** Instructions for the task **
Every line of the material is to be transcribed verbatim, with images omitted.

** Data shown **
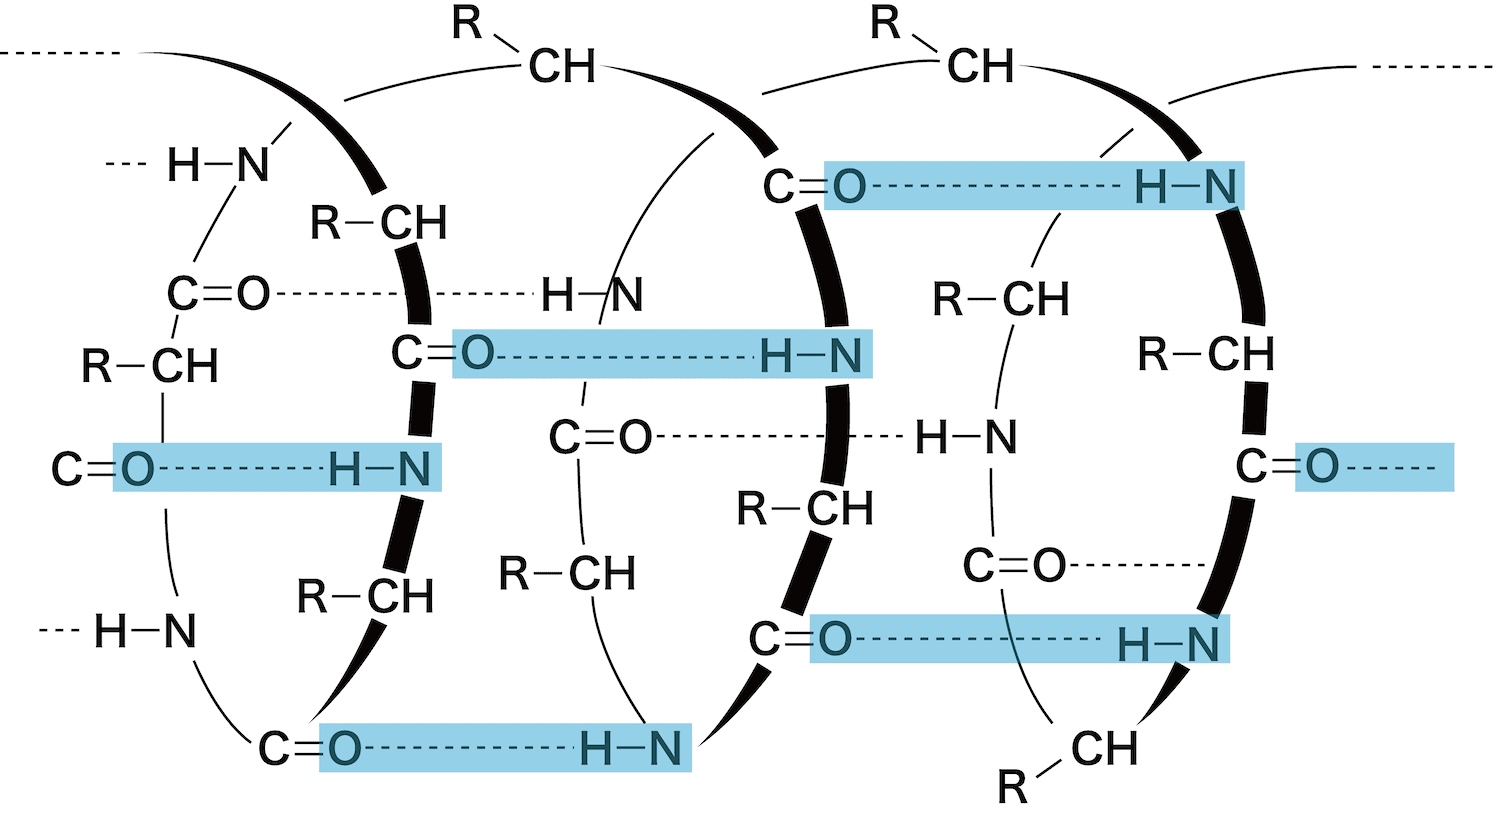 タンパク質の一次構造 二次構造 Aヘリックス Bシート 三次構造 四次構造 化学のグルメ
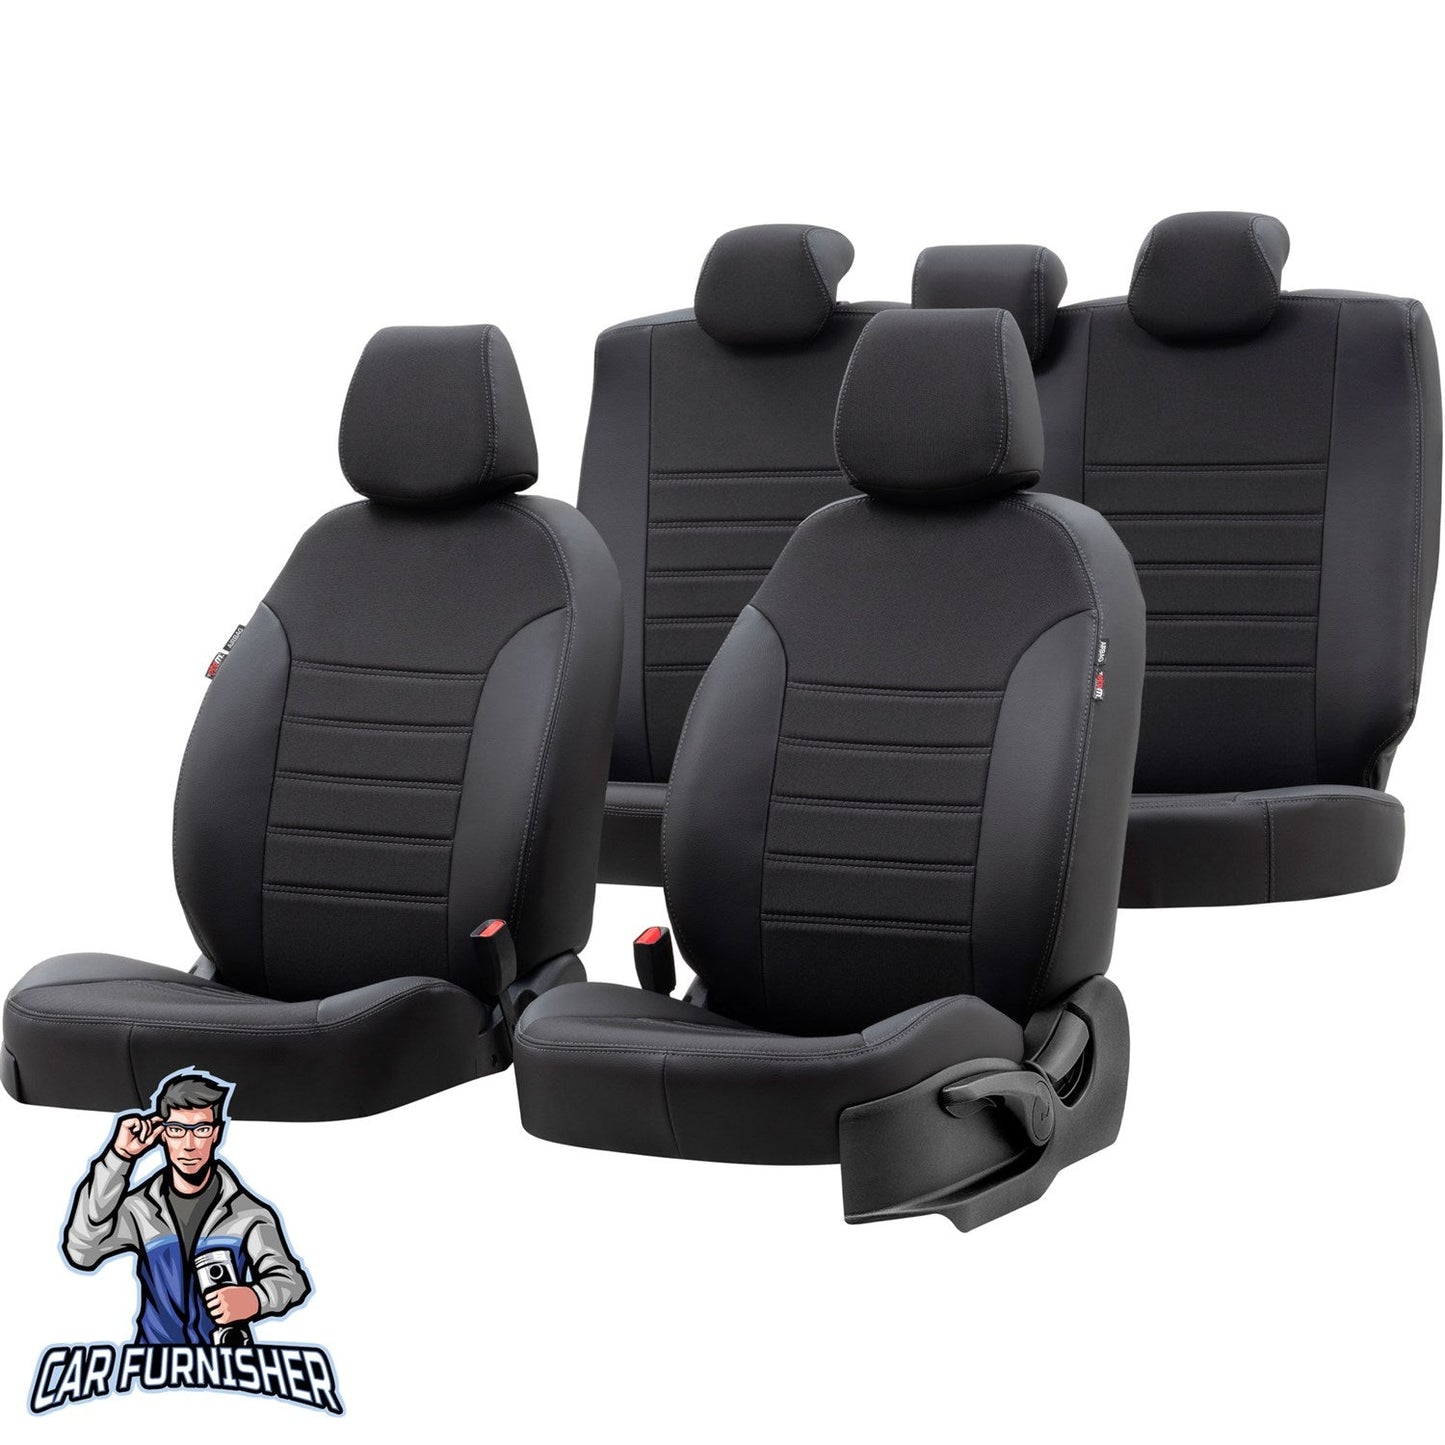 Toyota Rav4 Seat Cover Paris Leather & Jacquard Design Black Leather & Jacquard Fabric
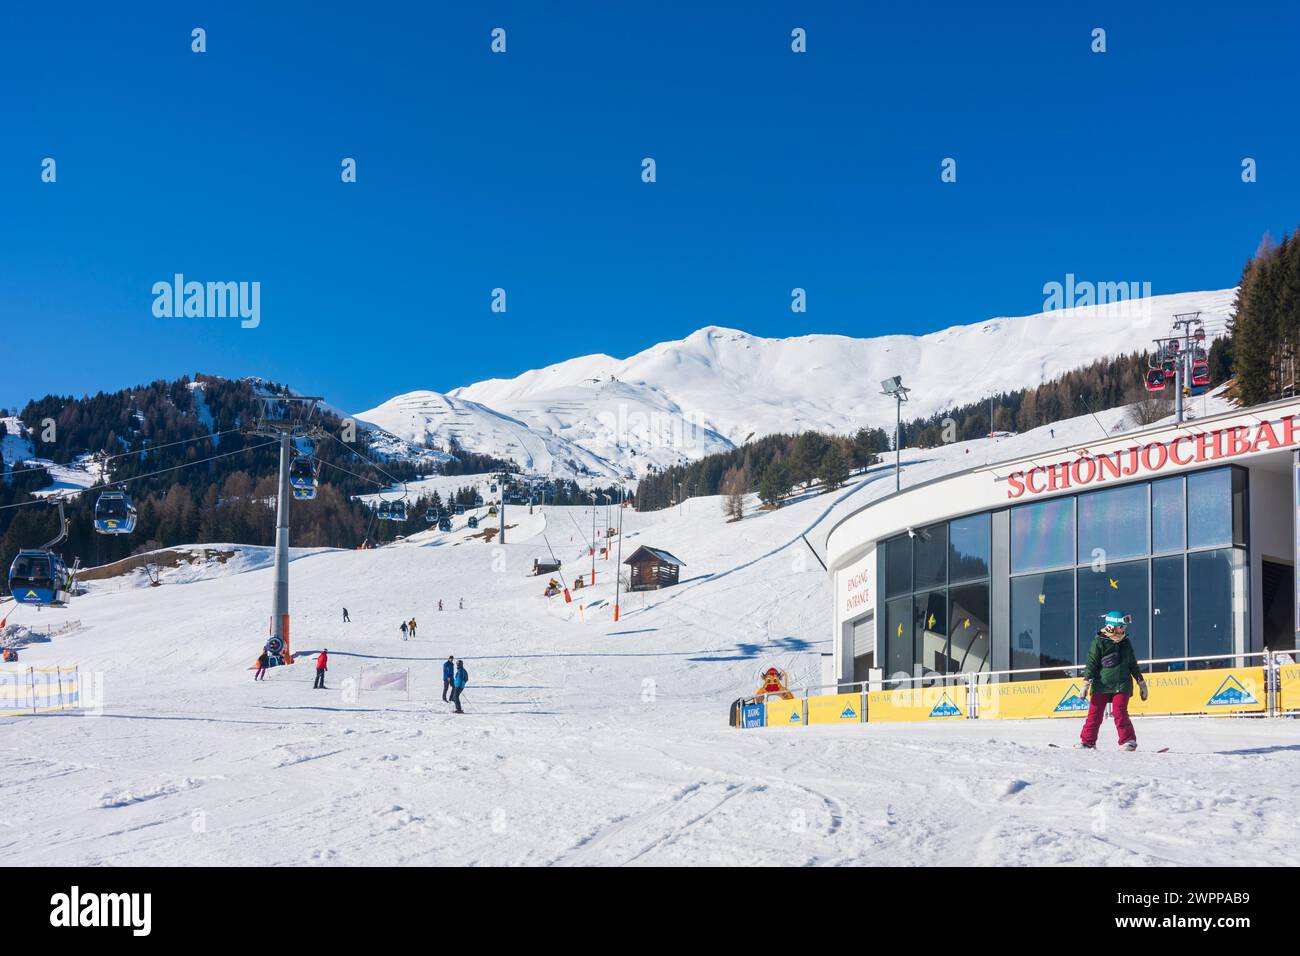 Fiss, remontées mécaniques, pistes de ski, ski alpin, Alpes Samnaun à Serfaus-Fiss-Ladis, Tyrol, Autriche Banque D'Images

** Exercise result **
 タンパク質の一次構造 二次構造 Aヘリックス Bシート 三次構造 四次構造 化学のグルメ
 Toyota Rav4 Seat Cover Paris Leather & Jacquard Design Black Leather & Jacquard Fabric
 Fiss, remontées mécaniques, pistes de ski, ski alpin, Alpes Samnaun à Serfaus-Fiss-Ladis, Tyrol, Autriche Banque D'Images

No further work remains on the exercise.